In [1]:
from transformers import AutoTokenizer, AutoModelForCausalLM
from transformers import Trainer, TrainingArguments, DataCollatorForLanguageModeling
from datasets import load_dataset
from peft import LoraConfig, get_peft_model

  from .autonotebook import tqdm as notebook_tqdm


In [2]:
model_name = "microsoft/phi-2"

print("Loading tokenizer...")
tokenizer = AutoTokenizer.from_pretrained(model_name, use_fast=True)

Loading tokenizer...


In [13]:
tokenizer.pad_token = tokenizer.eos_token
tokenizer.padding_side = "right"

In [4]:
print("Loading model in 4-bit...")
model = AutoModelForCausalLM.from_pretrained(
    model_name,
    load_in_4bit=True,
    device_map="auto"
)

Loading model in 4-bit...


The `load_in_4bit` and `load_in_8bit` arguments are deprecated and will be removed in the future versions.

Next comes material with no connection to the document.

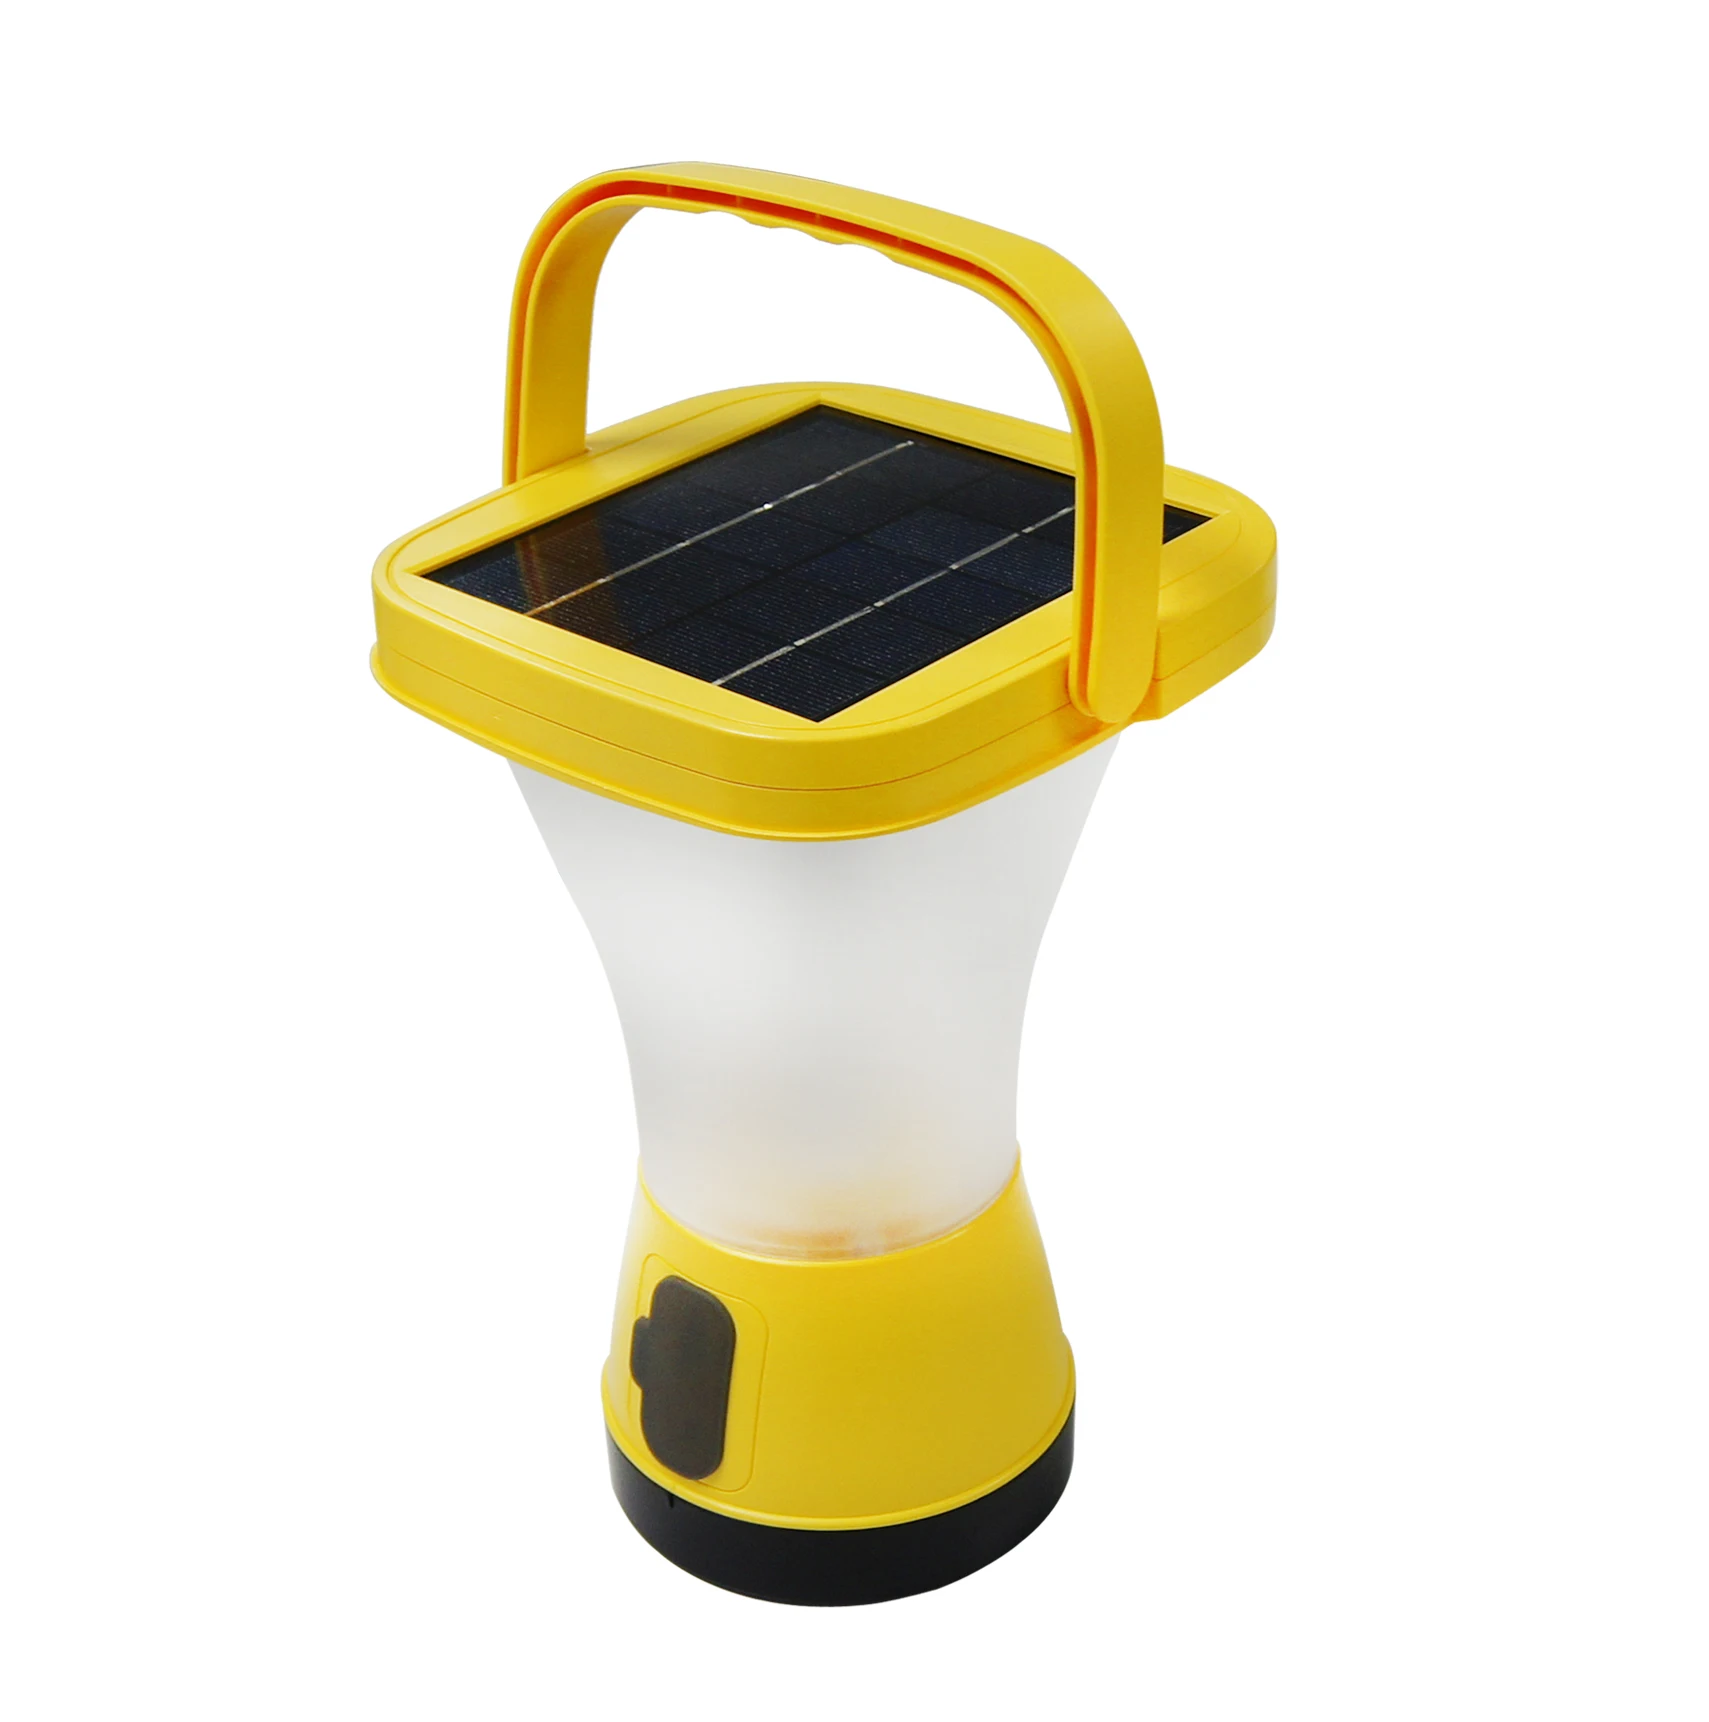 firefly portable silicone lanterns with solar panel for electricity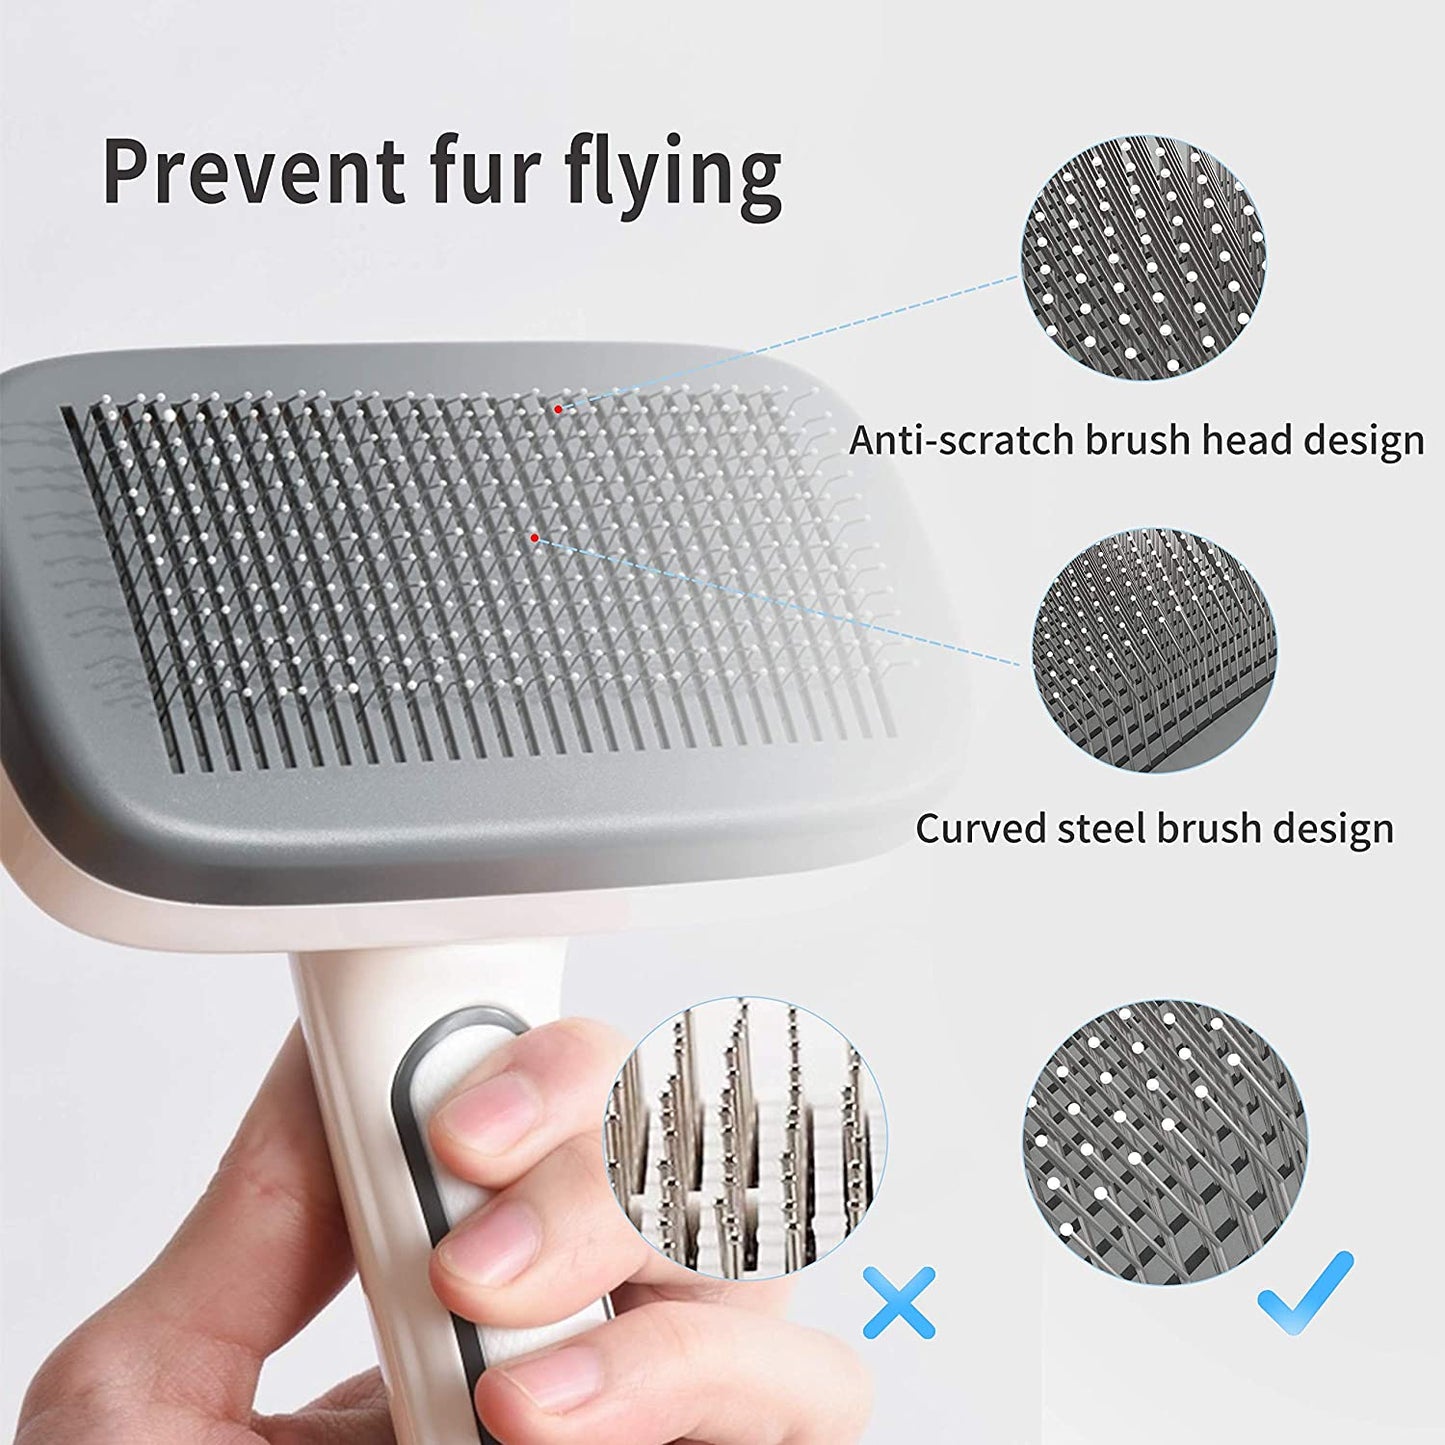 Self Cleaning Dog Brush for Long Haired Short Haired Dogs, Slicker Brush for Dogs Shedding Grooming, Dog Hair Brush for Large Medium Pets, Wire Cat Fur Brush, Pet Brush for Cats, Pet Hair Comb

Please, pass a `BitsAndBytesConfig` object in `quantization_config` argument instead.
Loading checkpoint shards: 100%|██████████| 2/2 [02:32<00:00, 76.39s/it] 


In [6]:
# LoRA config
lora = LoraConfig(
    r=16,
    lora_alpha=32,
    lora_dropout=0.05,
    task_type="CAUSAL_LM"
)

In [7]:
model = get_peft_model(model, lora)

In [8]:
# Load dataset
dataset = load_dataset("json", data_files="controller_interview_data.jsonl")

Generating train split: 6 examples [00:00, 66.96 examples/s]


In [9]:
def format(row):
    # Convert classification to text generation format
    return {
        "text": f"User answer: {row['instruction']}\nAction: {row['response']}"
    }

In [10]:
dataset = dataset.map(format)


Map: 100%|██████████| 6/6 [00:00<00:00, 169.08 examples/s]


In [11]:
# Tokenization
def tokenize(batch):
    return tokenizer(batch["text"], truncation=True, padding=True, max_length=256)


In [14]:

dataset = dataset.map(tokenize, batched=True)


Map:   0%|          | 0/6 [00:00<?, ? examples/s]

Map: 100%|██████████| 6/6 [00:00<00:00, 99.42 examples/s]


In [15]:
data_collator = DataCollatorForLanguageModeling(tokenizer, mlm=False)


In [16]:
training_args = TrainingArguments(
    output_dir="./controller-phi2",
    per_device_train_batch_size=1,
    gradient_accumulation_steps=4,
    num_train_epochs=4,
    learning_rate=2e-4,
    fp16=True,
    logging_steps=10,
    save_steps=200,
)

In [17]:
trainer = Trainer(
    model=model,
    args=training_args,
    train_dataset=dataset["train"],
    data_collator=data_collator
)

In [18]:
print("Training...")
trainer.train()

Training...




Step,Training Loss


TrainOutput(global_step=8, training_loss=3.343465805053711, metrics={'train_runtime': 1442.4646, 'train_samples_per_second': 0.017, 'train_steps_per_second': 0.006, 'total_flos': 8448935362560.0, 'train_loss': 3.343465805053711, 'epoch': 4.0})

In [19]:
print("Saving model...")
model.save_pretrained("./controller-phi2")
tokenizer.save_pretrained("./controller-phi2")

Saving model...


('./controller-phi2\\tokenizer_config.json',
 './controller-phi2\\special_tokens_map.json',
 './controller-phi2\\vocab.json',
 './controller-phi2\\merges.txt',
 './controller-phi2\\added_tokens.json',
 './controller-phi2\\tokenizer.json')